I don’t know how much down time the estimable Fred Thompson took as senator or presidential candidate, but it was probably more than enough. However, I did look at the vacation schedules of two of our earlier GOP leaders, George W. Bush and Ronald Reagan.

The Facts: President Obama, after 31 months in office, has taken 61 vacation days. At the 31-month point in their presidencies, Bush had taken 180 vacation days and Reagan 112 days.. All in all, President Bush (II) spent more than 1,000 days on vacation during his two terms.

RANDOM CLIPPINGS
Ireland has lost one of its premier sculptors and artists with the death of Eamon O’Doherty. Among his public art works are Galway’s Eyre Square signature sculpture, Dublin’s James Connolly Memorial near Liberty Square, and the Anna Livia fountain (floozie in the Jacuzzi). … Mary McAleese reminds the flock to observe a minute’s silence on September 10 in memory of those who died in the Great Famine. … Gerry Adams, he of the short memory, is inveighing against the IMF, and the European Union. The questions: Did he take and use EU funds for pet projects? And isn’t it a bit late to seek fiscal virginity? … A top tax expert in the North predicts that the Republic will never give up its 12.5 percent tax rate, and urged NI to lower its 26 percent rate. … Eogan O’Dea, a pro poker player from Dalkey, Co. Dublin, is in a good position to grab the World Series of Poker in Las Vegas when the tables reopen for the final on November 5. … The senior Muslim cleric in Ireland says there is nothing in his religion that forces a woman to have her face fully covered. A Cork councillor is trying to ban burkas. Can we talk? … Sad news out of London: The weekly Irish Post has closed its doors. A sign of the times. … I love the story of the Limerick man and his American bride. They were married after only two weeks. The bride from North Carolina is a smooth talker. She says she is loving living in West Limerick because "I love overcast weather and rain." … The rumor mills in SDLP circles are suggesting that Margaret Ritchie, the SDLP leader, is "ready to quit as leader." The hardest worker in that party is the MP for South Belfast, Dr. Alasdair McDonnell, who would like (and deserves) the top job to get the party moving again. … Mike Quinlin of the Boston Irish Tourist group is seeking input from Boston area Irish in an attempt to keep the Aer Lingus flights active through the winter months, which was not the case last winter. … Rick Perry is all hot air and hat but little substance and less cattle. The Texas state debt is staggering, the jobs created in Texas are low paying and minimum wage like Mississippi’s, the education system is one of the worst in America, ranking 46th to 49th in literacy and SAT scores, and Texas employment is largely state and federal jobs. We already had one Texas governor fool us. Not a second time. … Haven’t seen it yet, but the reviews for the Irish-made "The Guard" are putting it on everyone’s top-film list. Made in Connemara. See it, they say.

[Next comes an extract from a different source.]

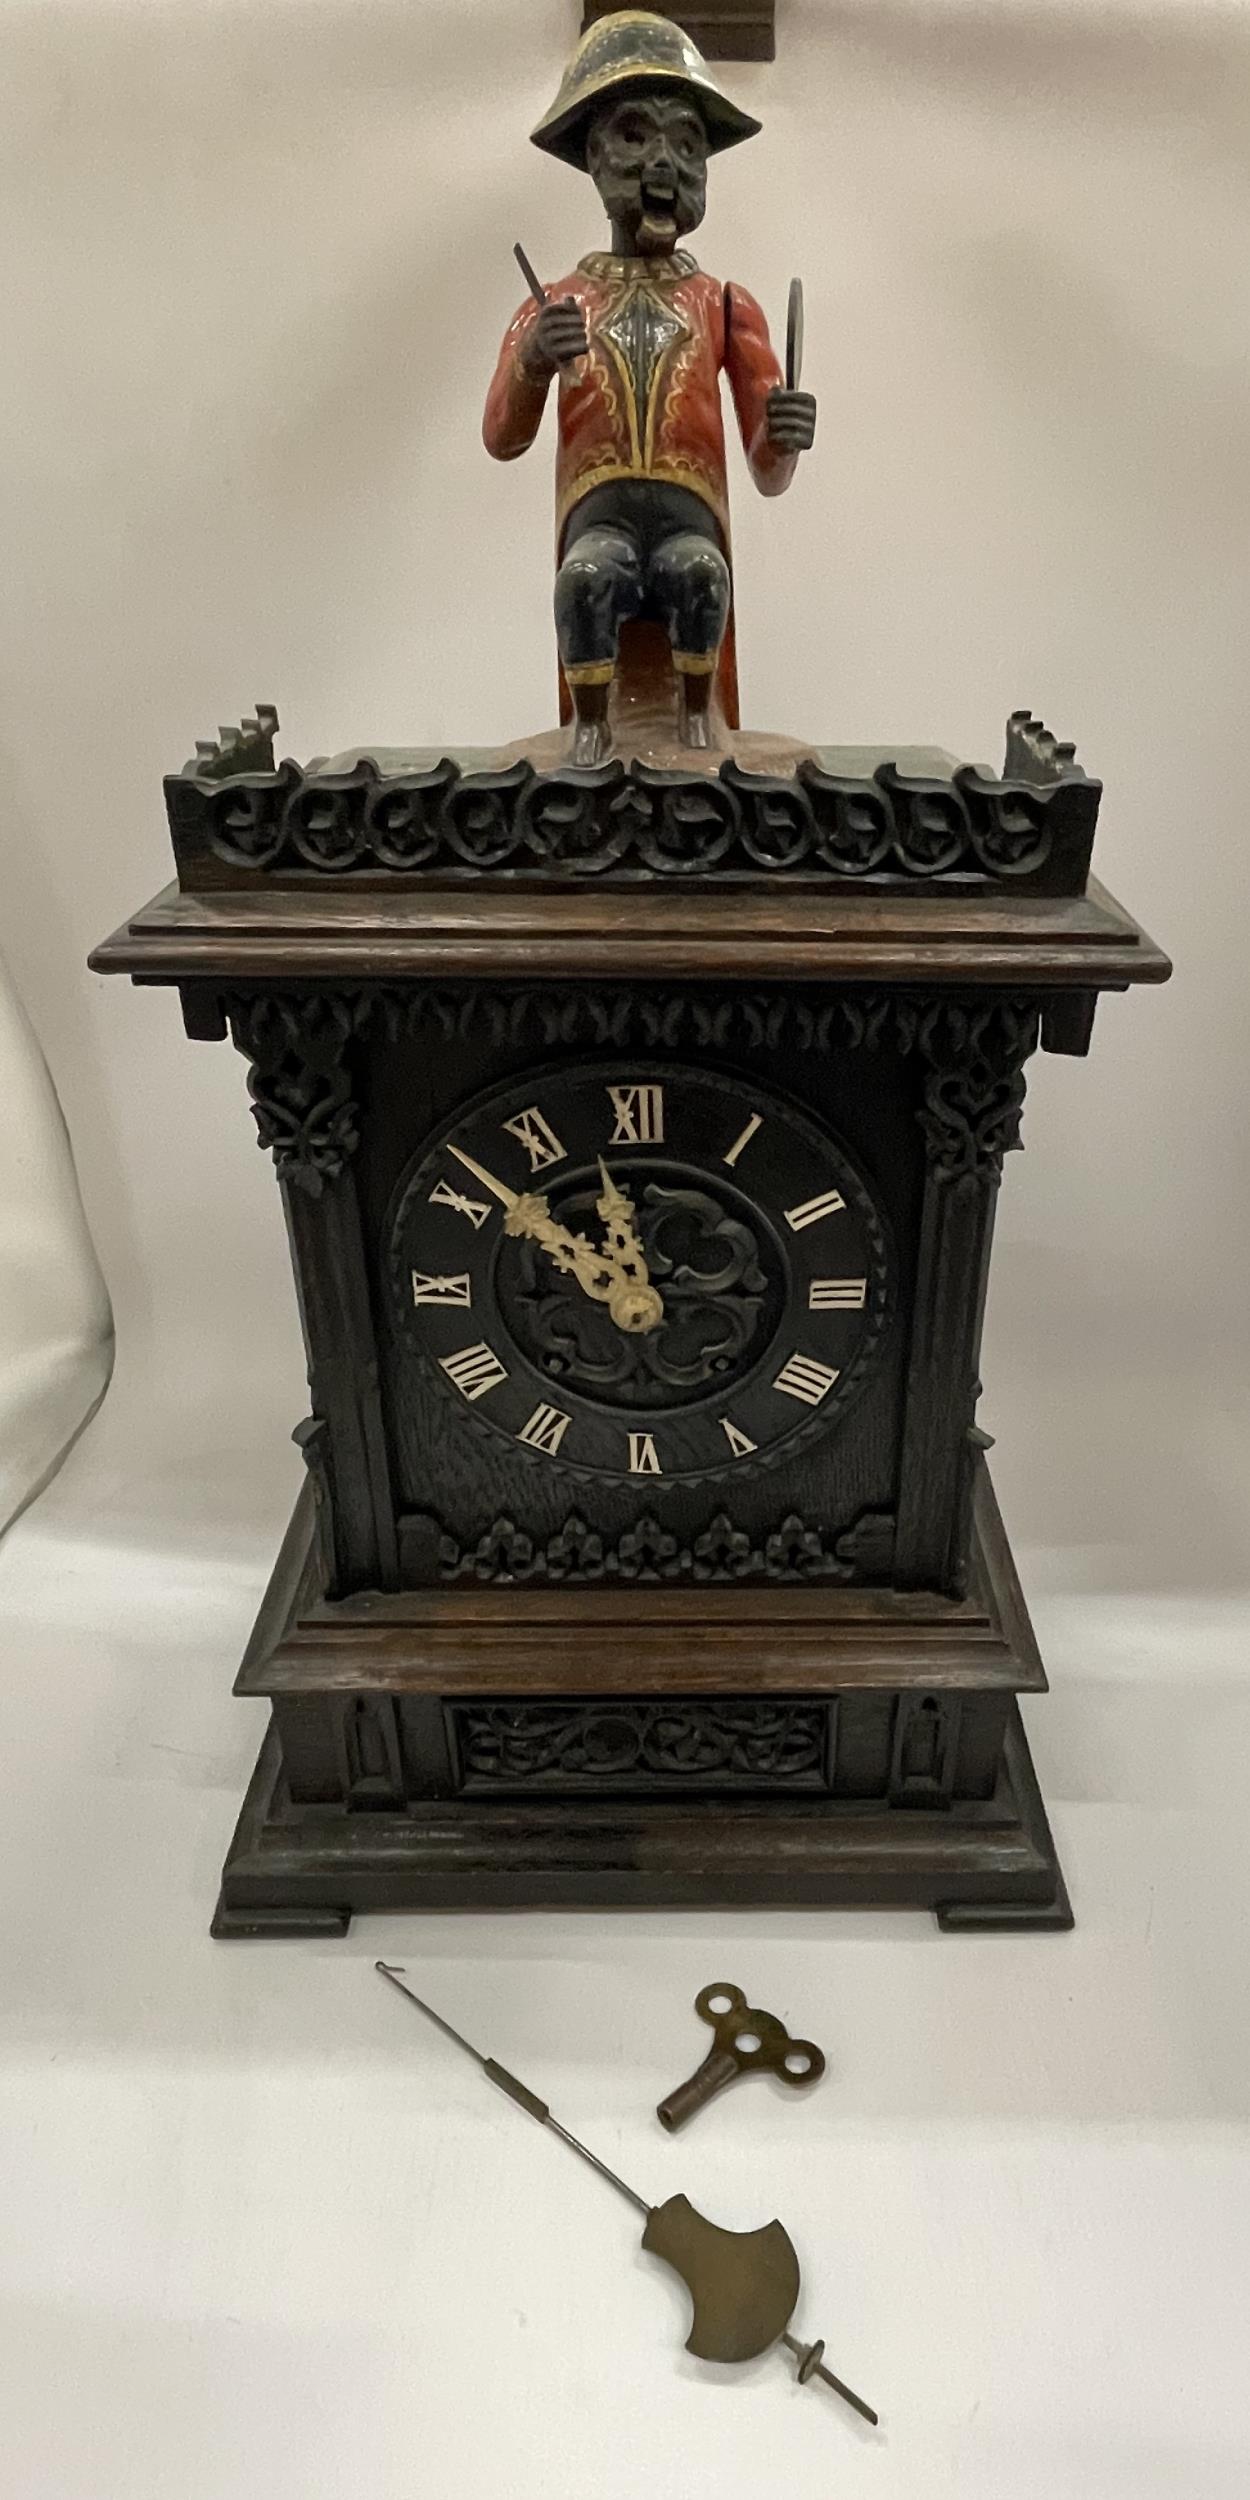 AN EARLY 20TH CENTURY NOVELTY AUTOMATION CARVED DARK OAK MANTLE CLOCK WITH NAPOLEONIC MONKEY

Congratulations to the venerable Black Rose on lower State Street. An honest pub marking its 35th anniversary this year. … Pawtucket’s Friendly Sons of St. Patrick will honor pardoned Irishman John Gordon on Oct. 8 at St. Mary’s Cemetery. … It’s disappointing news to hear that Jay Severin is returning to the world of radio with low signal WXKS. He joins other frothing right wingers like Rush, Glen Beck and Sean Hannity with their one-note destructive garbage. … Cancel the tickets for Michael Flatley’s "Lord of the Dance" spectacular planned for the Cliffs of Moher. It has been postponed indefinitely due to the recession or whatever. … Weather forecasters are predicting a severe winter in Ireland. It would be the third harsh winter in a row. … Belfast is the best city value for tourists in the UK. Closest are Liverpool, Cardiff, Glasgow, and Manchester. … Good Luck to the members and leadership of the Irish Social Club for a resurgence. … Hopefully it will have a different ending. The 100th anniversary cruise retracing the voyage of the Titanic will sail from Southampton on April 8, 2012 bound for Cobh. … The Vatican is planning some dramatics for the Irish Church that could mean dioceses reduced in number and a new lineup of Irish bishops replacing the current crop. Hope this doesn’t mean that Dublin’s irreplaceable Archbishop Martin will be jettisoned.